Thank you for your help! (and merry Christmas)
An implementation of mixed model:
install.packages("nlme")
library("nlme")
library(dplyr)
# Generating some data with a structure like yours:
start <- round(sample(10:100, 50, replace = TRUE)*runif(50))
df <- data_frame(shopID = 1:50, qt1 = start, qt2 =round(qt1*runif(50, .5, 2)) ,qt3 = round(qt2*runif(50, .5, 2)), qt4 = round(qt3*runif(50, .5, 2)), qt5 = round(qt4*runif(50, .5, 2)))
df <- as.data.frame(df)
# Converting in into the long format:
df <- reshape(df, idvar = "shopID", varying = names(df)[-1], direction = "long", sep = "")
Estimating the model:
mod <- lme(qt ~ time, random = ~ time | shopID, data = df)
# Extract the random effects for comparison:
random.effects(mod)
(Intercept) time
1 74.0790805 3.7034172
2 7.8713699 4.2138001
3 -8.0670810 -5.8754060
4 -16.5114428 16.4920663
5 -16.7098229 6.4685228
6 -11.9630688 -8.0411504
7 -12.9669777 21.3071366
8 -24.1099280 32.9274361
9 8.5107335 -9.7976905
10 -13.2707679 -6.6028927
11 3.6206163 -4.1017784
12 21.2342886 -6.7120725
13 -14.6489512 11.6847109
14 -14.7291647 2.1365768
15 10.6791941 3.2097199
16 -14.1524187 -1.6933291
17 5.2120647 8.0119320
18 -2.5172933 -6.5011416
19 -9.0094366 -5.6031271
20 1.4857512 -5.9913865
21 -16.5973442 3.5164298
22 -26.7724763 27.9264081
23 49.0764631 -12.9800871
24 -0.1512509 2.3589947
25 15.7723150 -7.9295698
26 2.1955489 11.0318875
27 -8.0890346 -5.4145977
28 0.1338790 -8.3551182
29 9.7113758 -9.5799588
30 -6.0257683 42.3140432
31 -15.7655545 -8.6226255
32 -4.1450984 18.7995079
33 4.1510104 -1.6384103
34 2.5107652 -2.0871890
35 -23.8640815 7.6680185
36 -10.8228653 -7.7370976
37 -14.1253093 -8.1738468
38 42.4114024 -9.0436585
39 -10.7453627 2.4590883
40 -12.0947901 -5.2763010
41 -7.6578305 -7.9630013
42 -14.9985612 -0.4848326
43 -13.4081771 -7.2655456
44 -11.5646620 -7.5365387
45 6.9116844 -10.5200339
46 70.7785492 -11.5522014
47 -7.3556367 -8.3946072
48 27.3830419 -6.9049164
49 14.3188079 -9.9334156
50 -15.2077850 -7.9161690
I would interpret the values as follows: consider them as a deviation from zero, so that positive values are positive deviations from the average, whereas negative values are negative deviation from the average. The averages of the two columns are zero, as is checked below:
round(apply(random.effects(mod), 2, mean))
(Intercept) time
0 0
library(zoo)
#Reconstructing the data with four quarter columns (instead of five quarters as in your example)

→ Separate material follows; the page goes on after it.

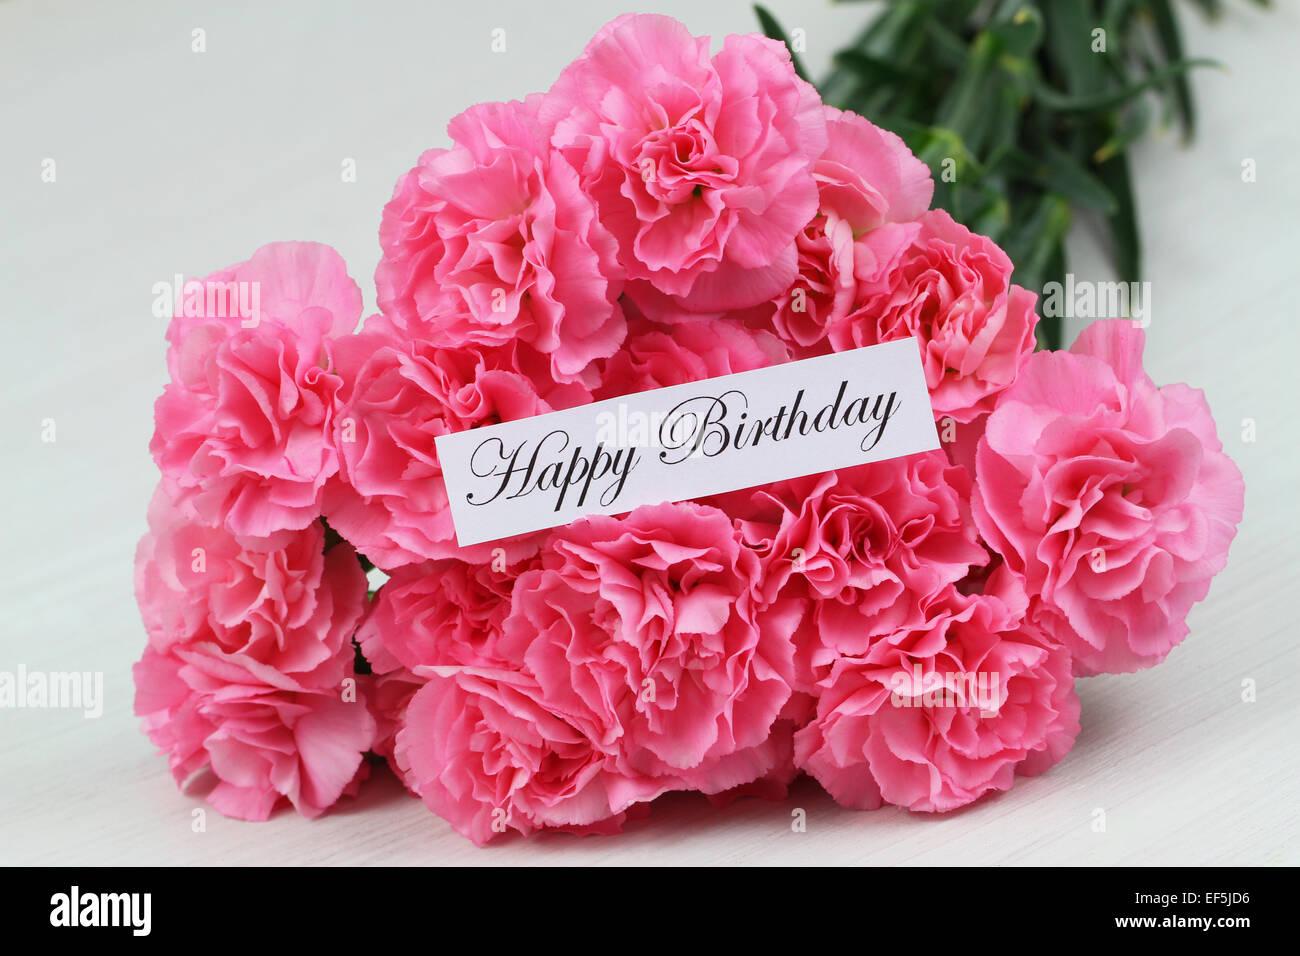 Buon Compleanno Card Con Rosa Fiori Di Garofano Foto Immagine

shopID <- c(1, 2, 3, 4, 5)
sum <- c(150, 100, 500, 350, 50)
qt1 <- c(40, 10, 130, 50, 10)
qt2 <- c(40, 40, 110, 100, 15)
qt3 <- c(50, 30, 140, 150, 10)
qt4 <- c(20, 20, 120, 50, 15)
myDF <- data.frame(shopID, sum, qt1, qt2, qt3, qt4)
#The ts() function converts a numeric vector into an R time series object
ts1 <- ts(as.numeric((myDF[1,3:6])), frequency=4)

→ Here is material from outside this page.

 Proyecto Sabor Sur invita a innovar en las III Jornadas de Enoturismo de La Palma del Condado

ts2 <- ts(as.numeric((myDF[2,3:6])), frequency=4)
ts3 <- ts(as.numeric((myDF[3,3:6])), frequency=4)
ts4 <- ts(as.numeric((myDF[4,3:6])), frequency=4)

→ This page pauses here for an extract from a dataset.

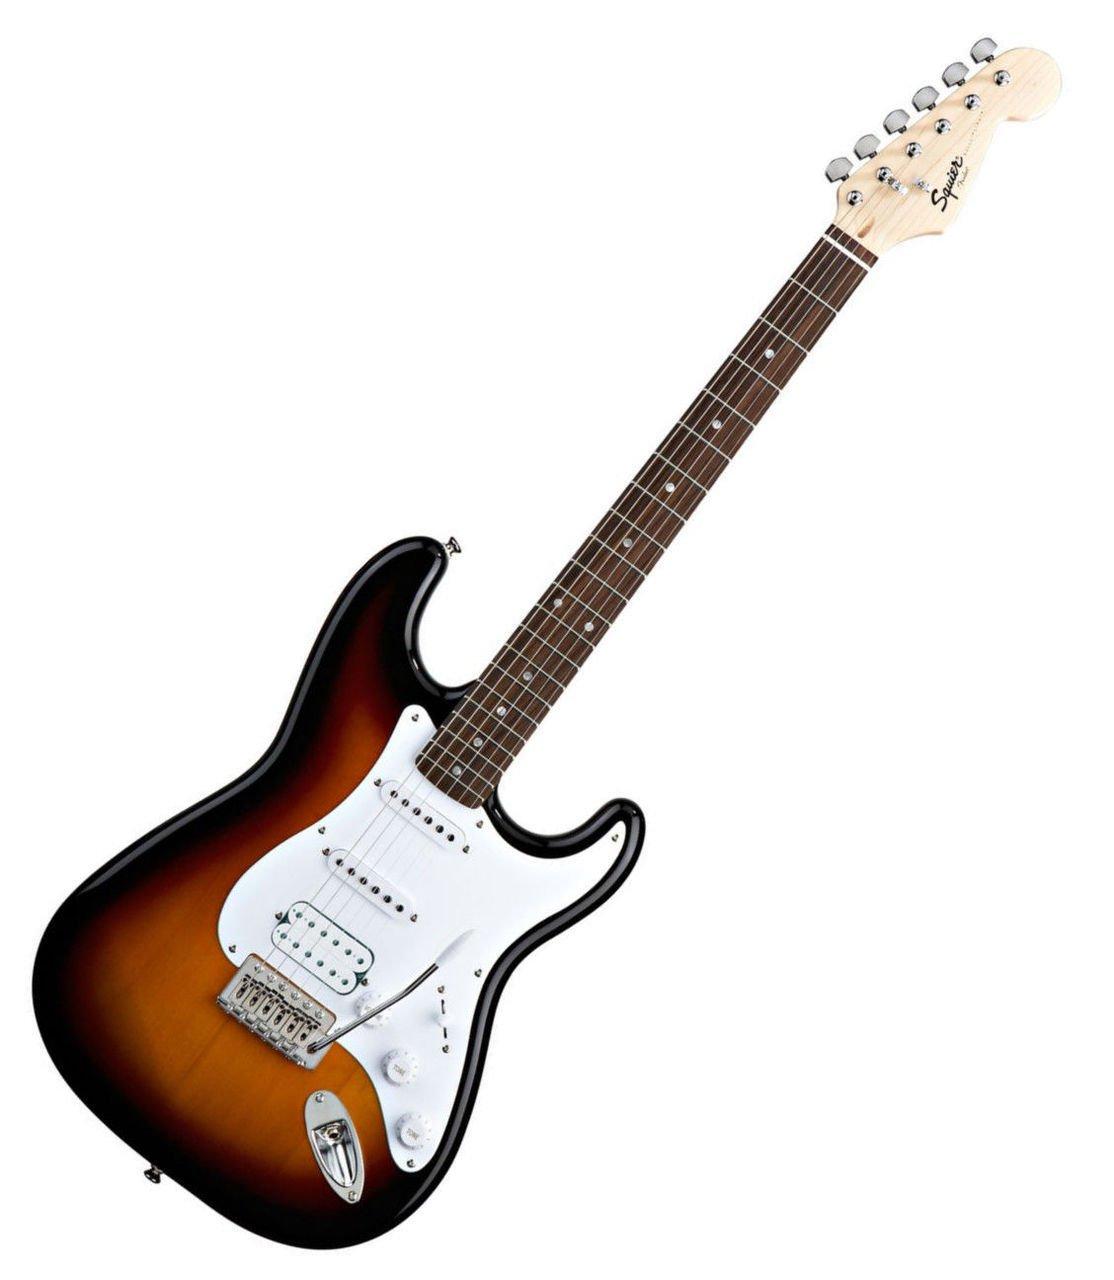 Guitarra eléctrica Aire STG-003 - Color 3TS 3 tonos de Sunburst ...

ts5 <- ts(as.numeric((myDF[5,3:6])), frequency=4)
#Merge time series objects
tsm <- merge(a = as.zoo(ts1), b = as.zoo(ts2), c = as.zoo(ts3), d = as.zoo(ts4), e = as.zoo(ts5))
#Plotting the Time Series
plot.ts(tsm, plot.type = "single", lty = 1:5, xlab = "Time", ylab = "Sales")
The code is not optimized, and can be improved. More about time series analysis can be read here. Hope this gives some direction.